Repeat only the lines from the one containing "Jelang Jatuh Tempo, Perusahaan" to the final line below, exactly as they read, and leave every picture out.

== Data below ==

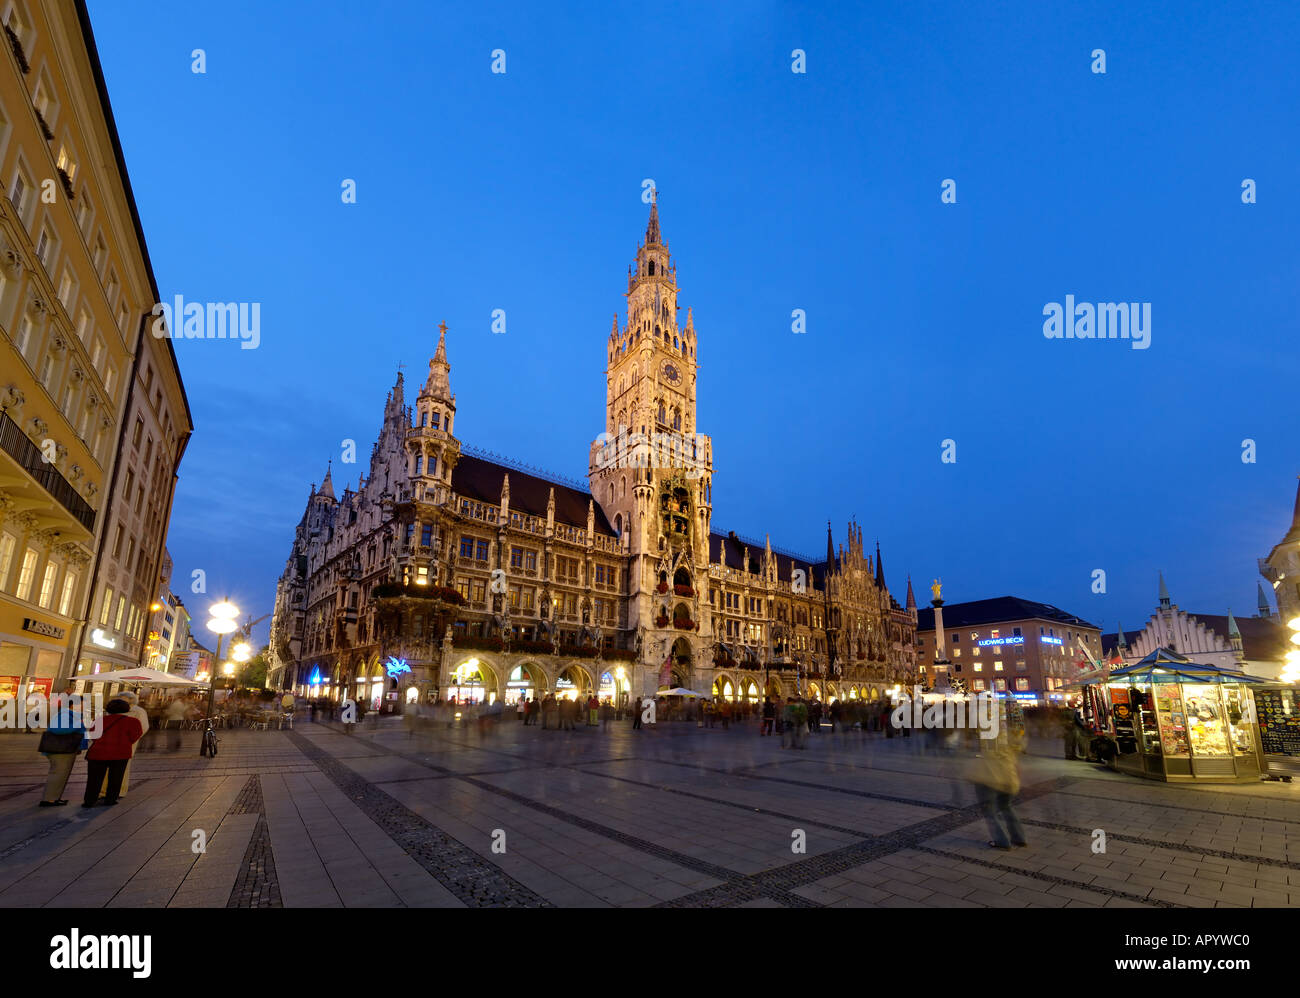 Neues Rathaus (New Town Hall), Marienplatz, at night, Munich (Munchen / Muenchen), Bavaria (Bayern), Germany Stock Photo
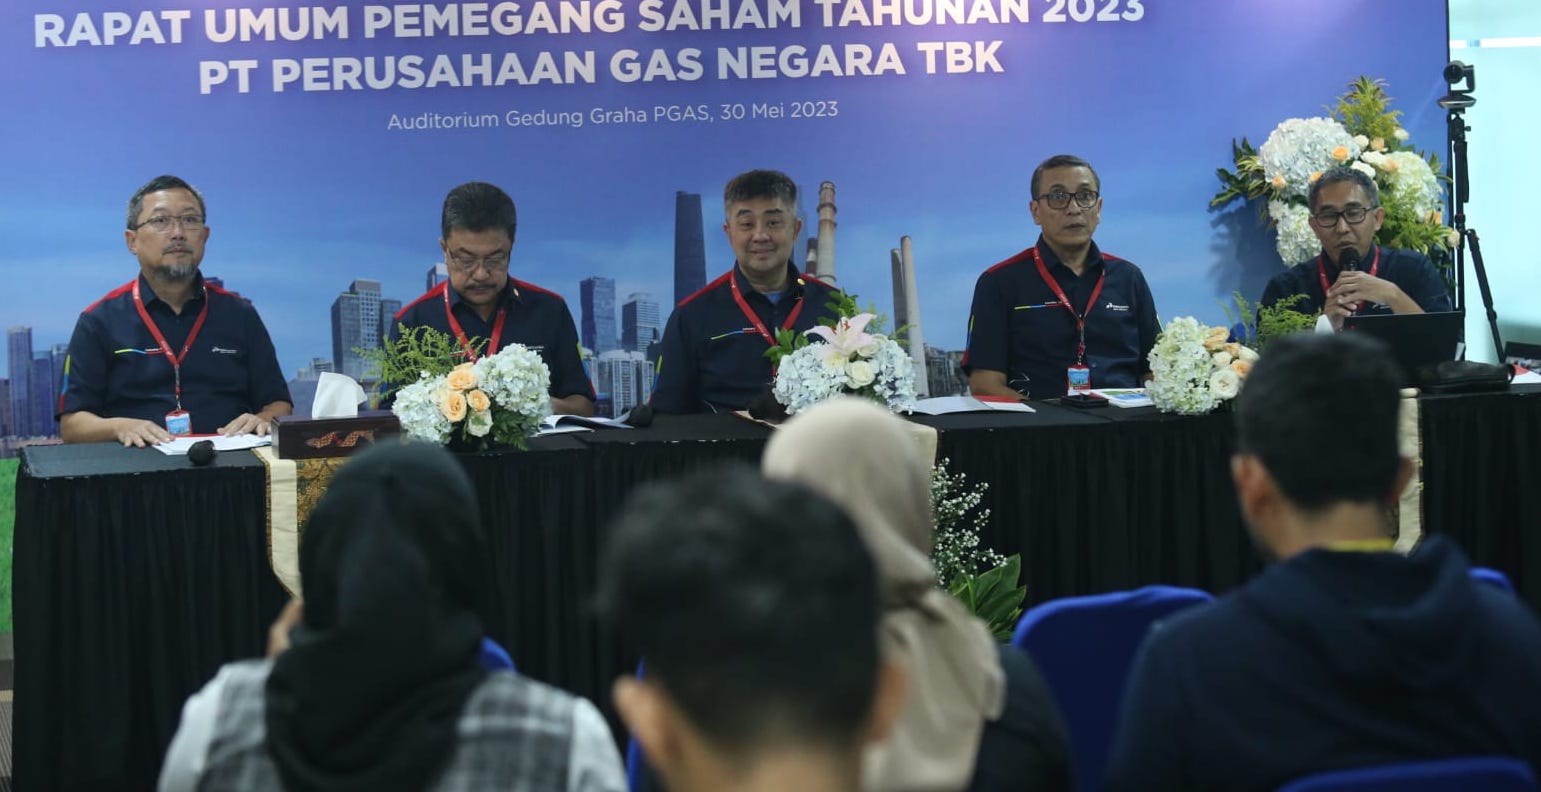 Jelang Jatuh Tempo, Perusahaan Gas Negara (PGAS) Buyback Obligasi USD499,85 Juta
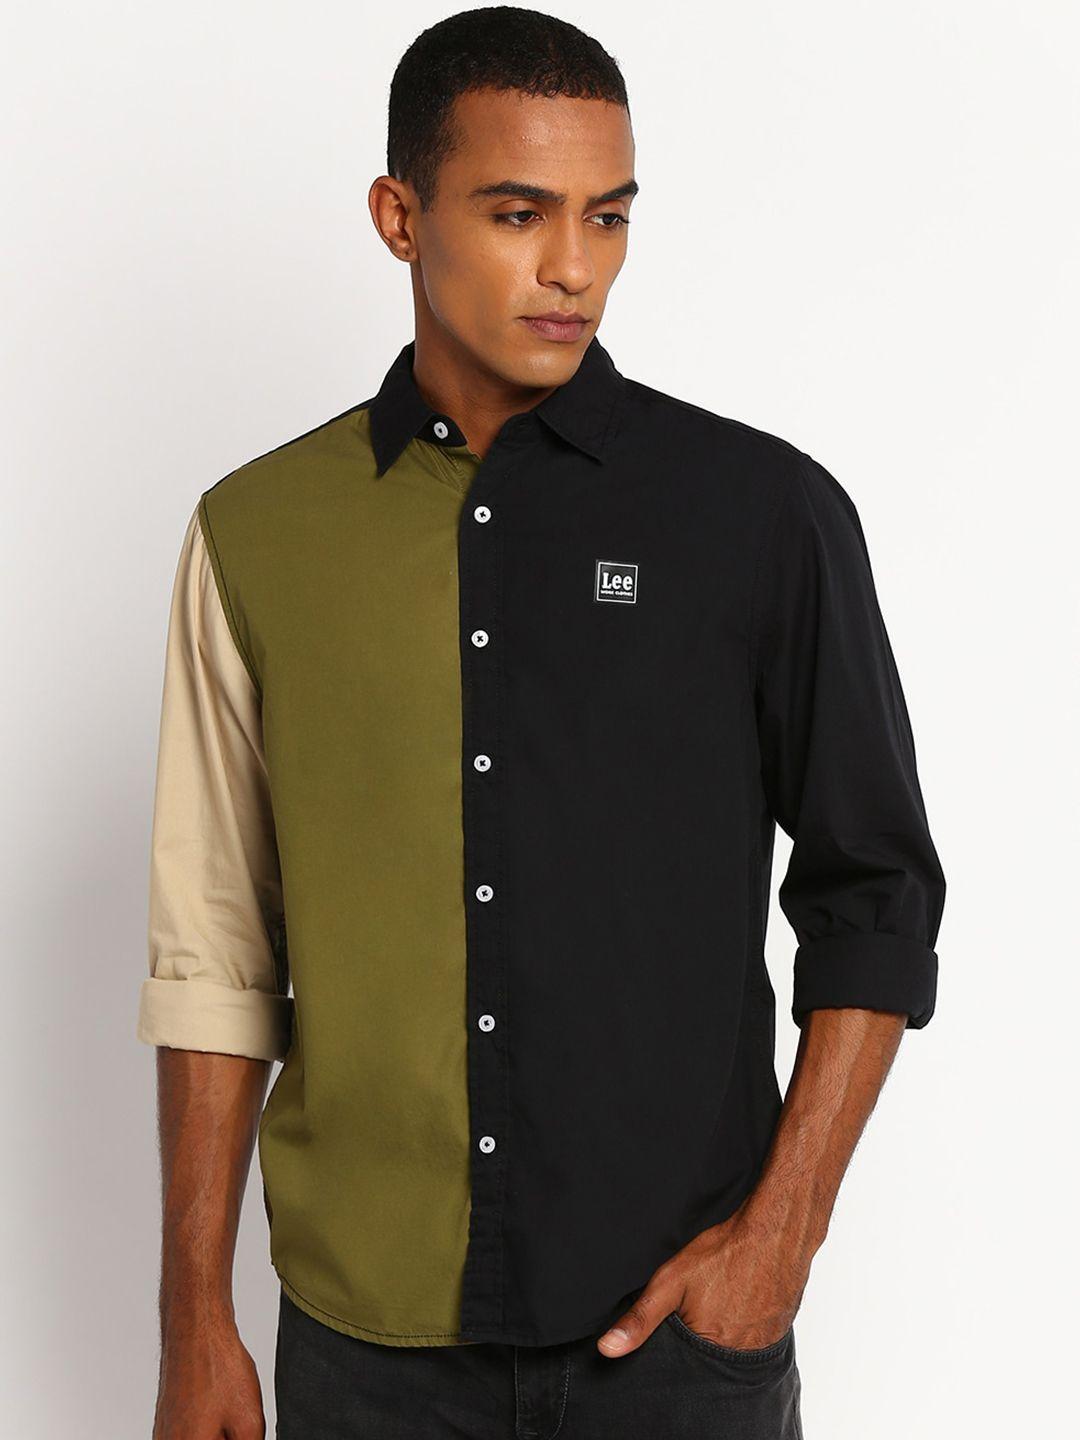 lee men black & olive green classic colourblocked cotton casual shirt
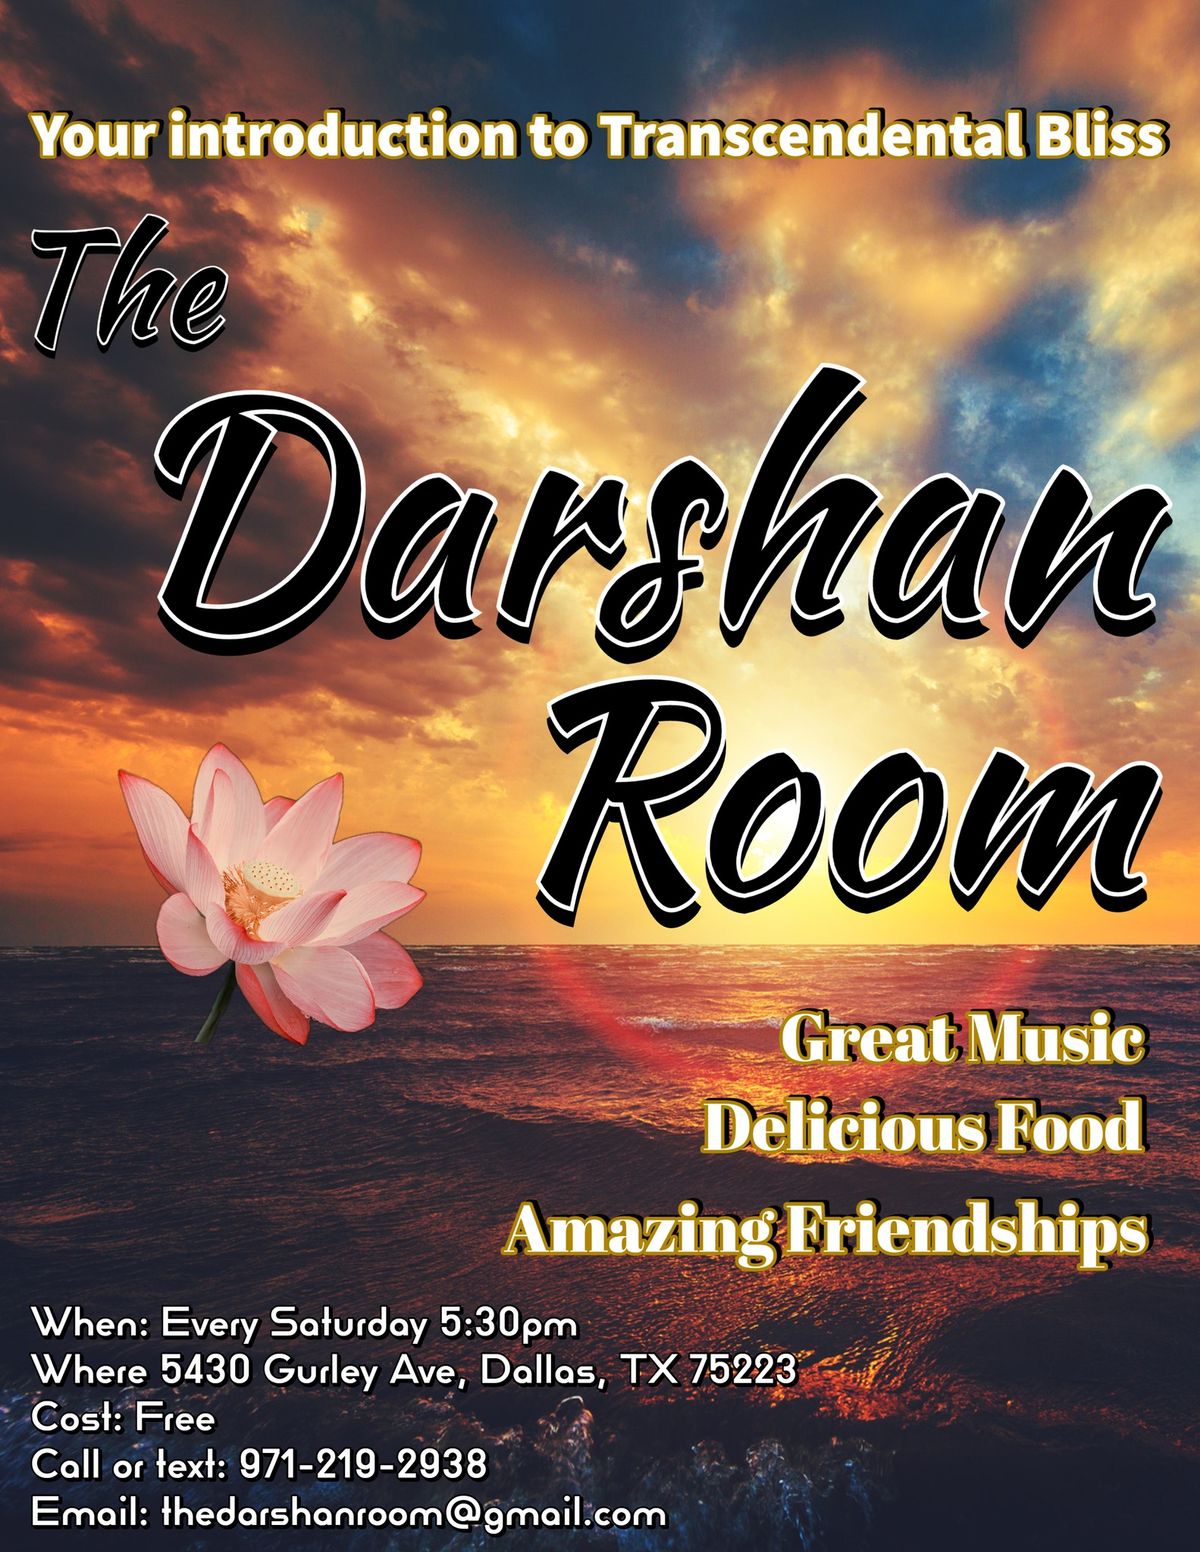 The Darshan Room

===

Written response =
 Jelang Jatuh Tempo, Perusahaan Gas Negara (PGAS) Buyback Obligasi USD499,85 Juta
 lee men black & olive green classic colourblocked cotton casual shirt
 The Darshan Room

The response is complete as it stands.